Sunday, April 18, 2021

Dia 18 de abril de 2020: Uma carta


Aldevan, Ana Carla, Kaina & Waina


Oi, eu não  sei se você  está  pescando lá  pelas bandas da Ilha Oscarina (Rio Negro), se você anda caçando ou andando de bicicleta.  Por onde está...

Nas "internets" e "redes sociais" deste outro plano de encantamento, não sei se você está acompanhando o que está  acontecendo pelas bandas de cá!!

As meninas e eu sempre falamos de você: quando assistimos a um filme; quando comemos peixe assado (e claro, nenhum é  igual  ao  seu); quando vemos alguma postagem sarcástica nas redes sociais; e sempre quando a campanhia toca por mais tempo do que deveria (pois você tinha mania de ficar segurando quando vinha nos visitar).

Apesar do cansaço  mental, da sensação  de impotência  e das dores das perdas (e olha, foram muitas), estamos bem!!! MAS  o Brasil, o Brasil:

  • Você  ainda estava entre nós quando o Mandeta saiu do ministério. Mesmo neste cenário de pandemia, já estamos com o quarto Ministro da Saúde;
  • O perfil  dos doentes de covid mudou, os pacientes agora são mais jovens;
  • Mesmo depois de 1 ano, continuanos usando máscara, mas ainda  existem pessoas que não acreditam na importância de seu uso;
  • Ainda não podemos aglomerar, abraçar ou encontrar as pessoas que gostamos;
  • Perdão, as meninas e eu ainda não conseguimos abraçar Sr. Emílio, Dona Joana Brazao, nossos sobrinhos(as), Tania Elias, Maria do Socorro Elias, Magson Jesus. 

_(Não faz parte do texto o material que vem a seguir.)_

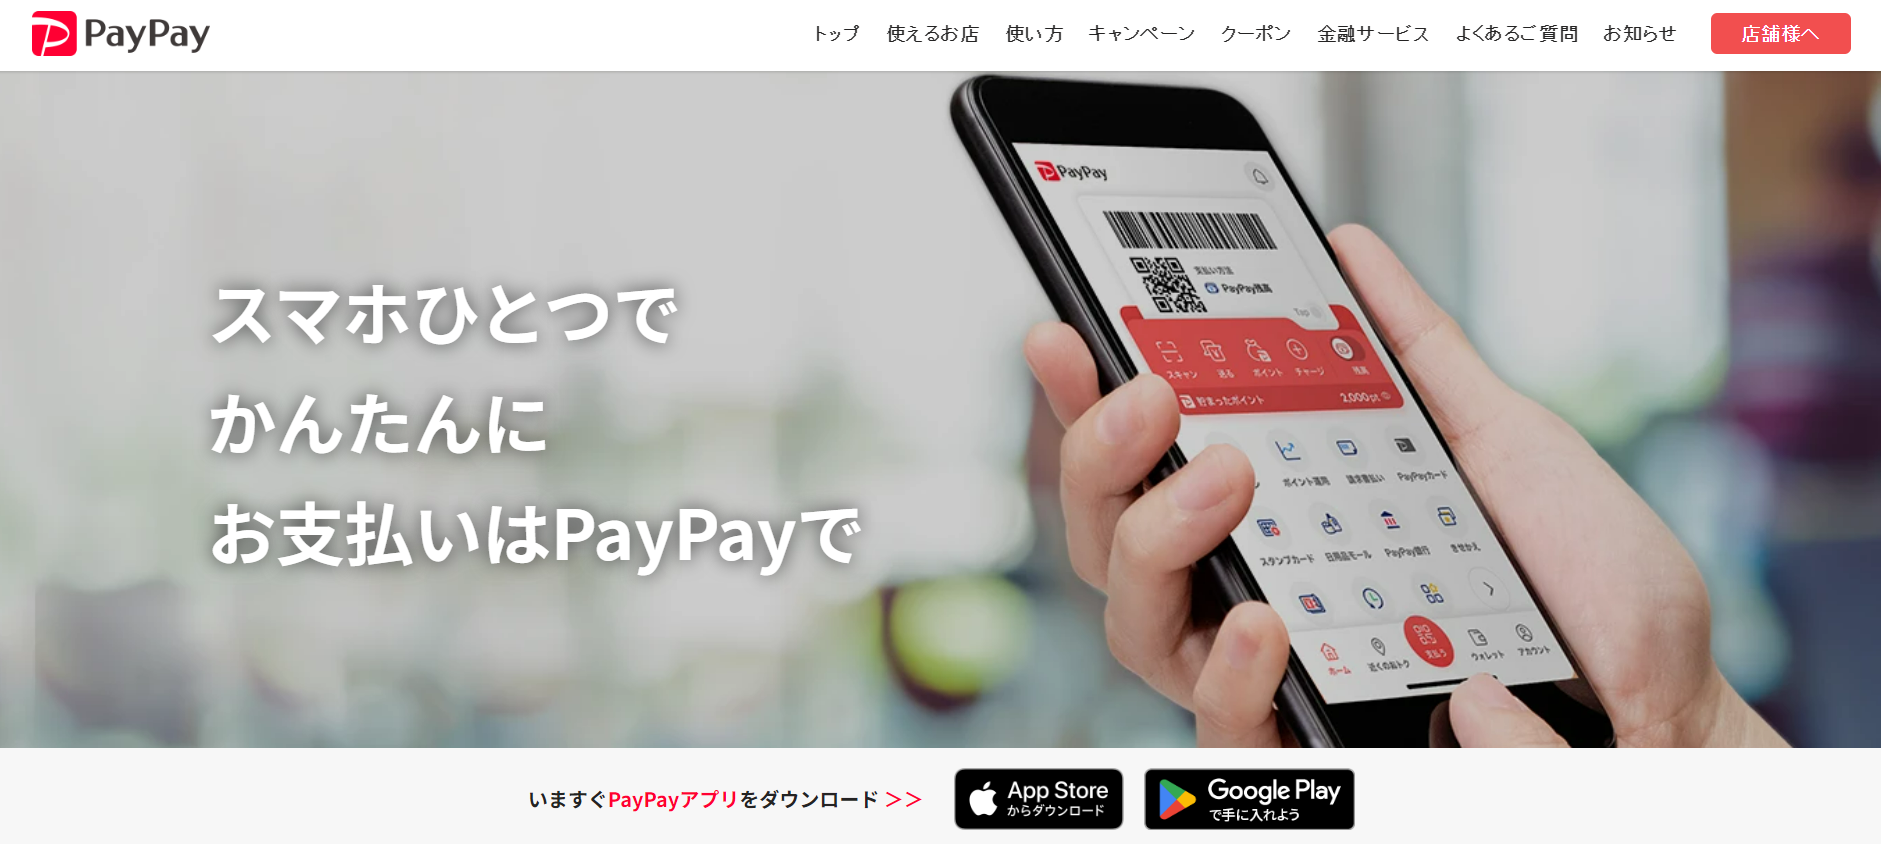 PayPay-日本第三方支付平台

Encontrei André Brazão e Lindomar Brazão na comunidade indígena Parque das Tribos,  por meio de um projeto de pesquisa de que estou participando. 

Vi Solange Brazão e nos abraçamos com os olhos quando Joanita precisou ser internada quando Manaus sufocava por falta de oxigênio. 

Sim, no dia 14 de janeiro, aqui em Manaus, vivenciamos um cenário de horror... pacientes de Covid morreram por falta de oxigênio nos hospitais. E agora, tristemente o Brasil todo está passando por situações similares...

Hoje, Manaus vive uma "amnésia coletiva", parece que a pandemia acabou... e as pessoas insistem nas baladinhas. Por outro lado, os profissionais da saúde continuam tentando salvar vidas neste cenário caótico... mas saiba, eles estão exaustos e precisando de afeto e respeito. 

Como eu poderia esquecer??? A Ciência e os cientistas venceram o tempo!!! Ao mesmo tempo, ambos sofrem com o negacionismo e as fake news. Mas temos VACINAS!! Mesmo com um número pequeno, devido a um "probleminha de gestão e diplomacia". Apesar disso, o sistema SUS (para o qual você trabalhava) está dando seu melhor.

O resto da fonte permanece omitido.